The government blamed the LNA for the air strike and called for the UN support mission in Libya to investigate.

An LNA official denied that the force had hit the detention centre, saying militias allied to Tripoli had shelled it after a precision air strike by the LNA on a military camp.

Local media reported LNA air strikes against a militia camp near the detention centre.

The Security Council has been divided on how to address the Libyan conflict, with the US resisting calls from other leading countries for a ceasefire and return to political dialogue.

"The Americans have been reluctant to act, until this point at least," a senior diplomat told The National before an emergency meeting of the council.

But even before Tuesday’s deaths, moves were afoot on the council to push again for a ceasefire amid mounting worries that an influx of weapons to both sides, in contravention of a UN arms embargo, could fuel the conflict.

About 600 migrants and refugees were held in the Tajoura centre, compound head Noureddine Al Grifi said, and other people were wounded in another hangar.

The US State Department sent condolences to the families of those killed and urged all sides to return to the peace process.

"This tragic and needless loss of life, which impacted one of the most vulnerable populations, underscores the urgent need for all Libyan parties to de-escalate fighting in Tripoli and return to the political process, which is the only viable path to lasting peace and stability in Libya," the department read.

The United Nations Network on Migration said the attack was an appalling breach of international law that showed the need to safeguard civilians from conflict.

“It also highlights the additional plight of the thousands of migrant women, men, girls and boys arbitrarily deprived of their liberty in detention centres across Libya, where the UN has documented degrading, inhumane and unsafe conditions, including torture, ill-treatment, forced labour, enforced disappearance, rape, and a lack of access to food and essential medical care, among other serious human rights violations,” a statement said.

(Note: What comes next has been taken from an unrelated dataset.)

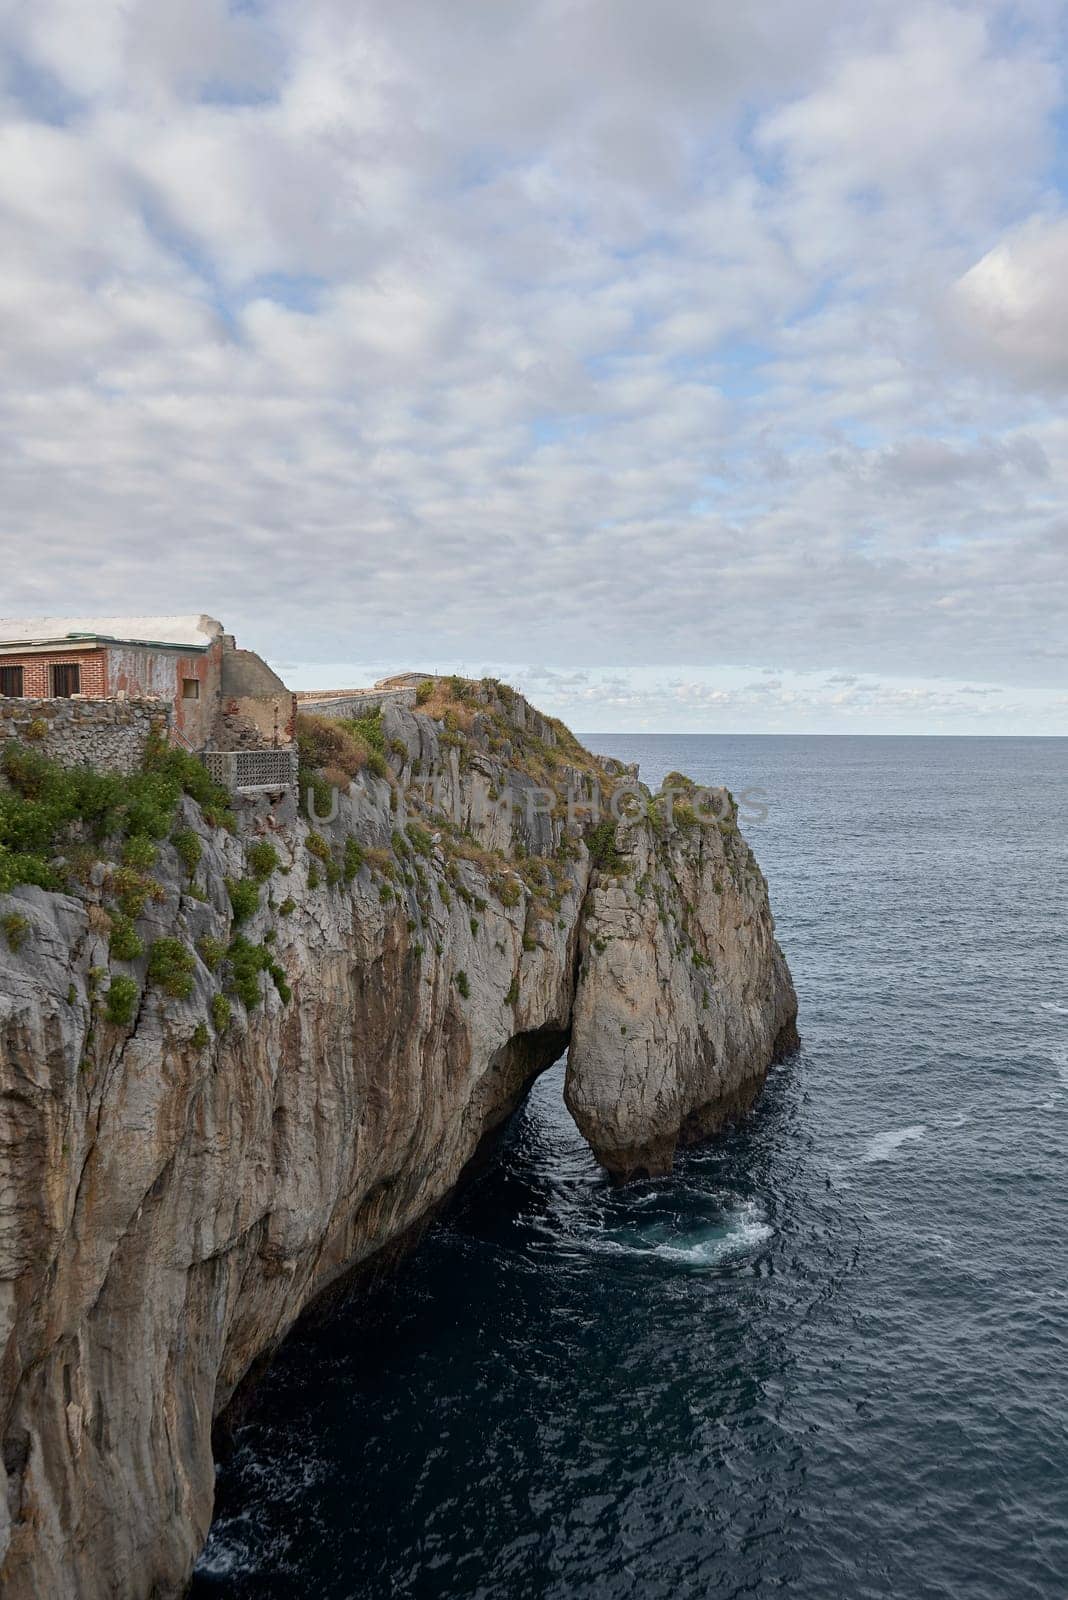 Cliffs on the coast of Castro Urdiales, Spain by raul_ruiz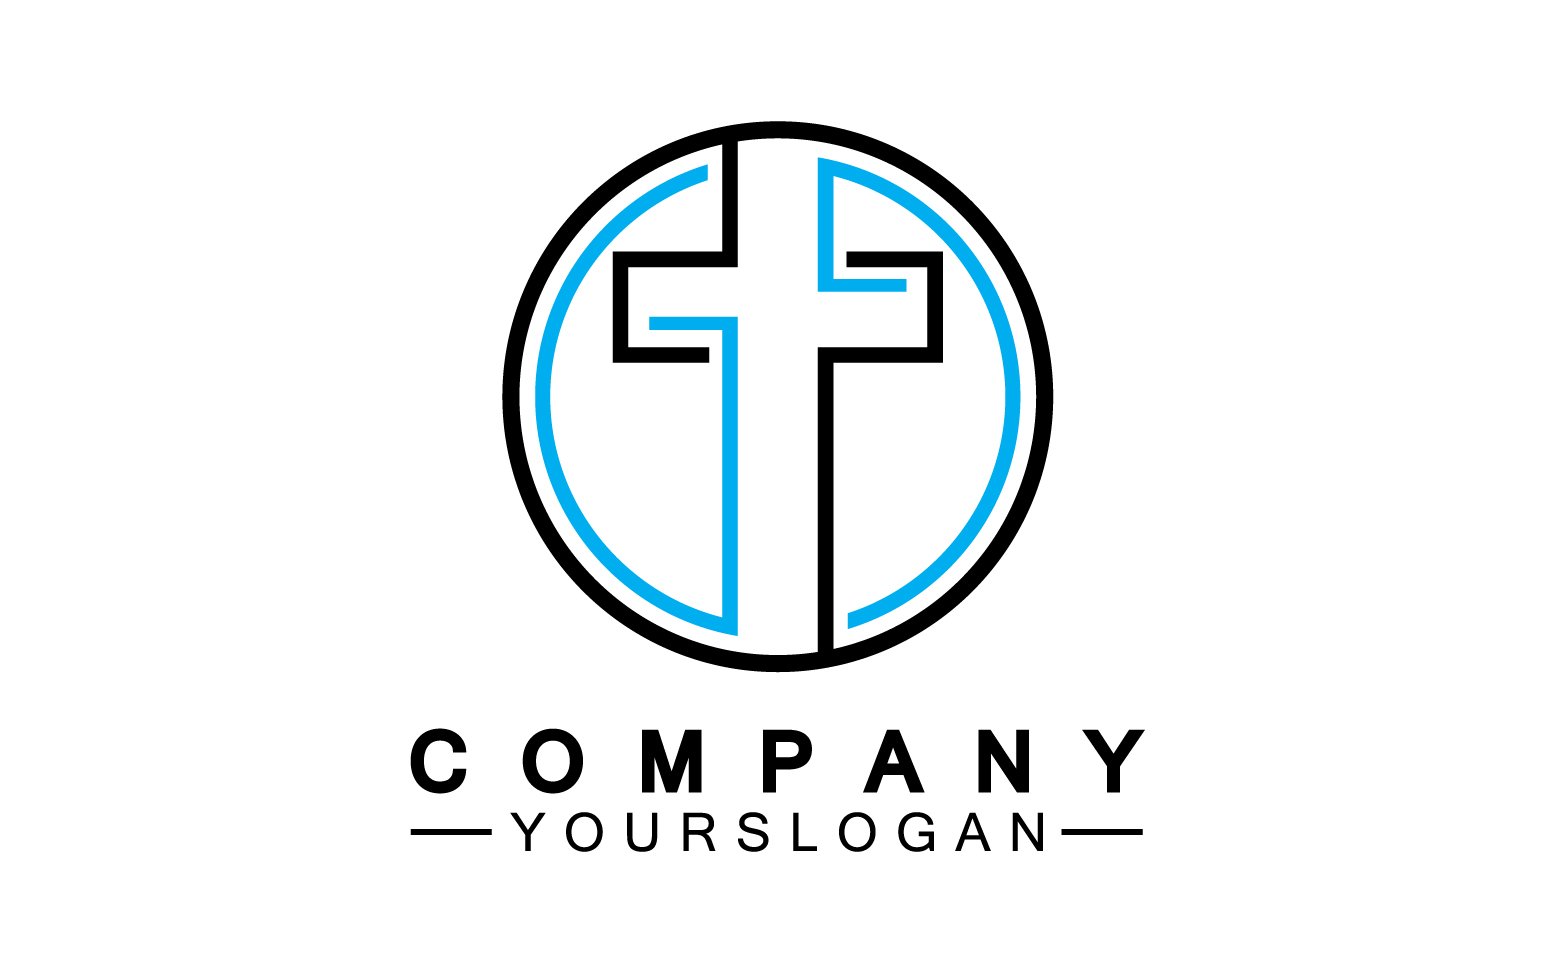 Christian cross icon logo vector v22

UN refugee agency spokesman Charlie Yaxley said in Geneva that it had asked to have the centre evacuated a few weeks ago after “a near miss from a similar air strike”.

Field Marshal Haftar’s forces control much of the country’s east and south but were dealt a blow last week when militias allied with the Tripoli government reclaimed the strategic town of Gharyan, about 100 kilometres from the capital.

Gharyan had been a critical supply route for LNA forces.

Many camps for militias loosely allied with the UN-supported government are in Tajoura, and LNA forces have attacked their camps with air strikes in the past weeks.

The LNA said on Monday that it had begun an air campaign against rival fighters in Tripoli after it lost control of Gharyan.

The fighting for Tripoli has threatened to plunge Libya into violence on the scale of the 2011 conflict that ousted dictator Muammar Qaddafi.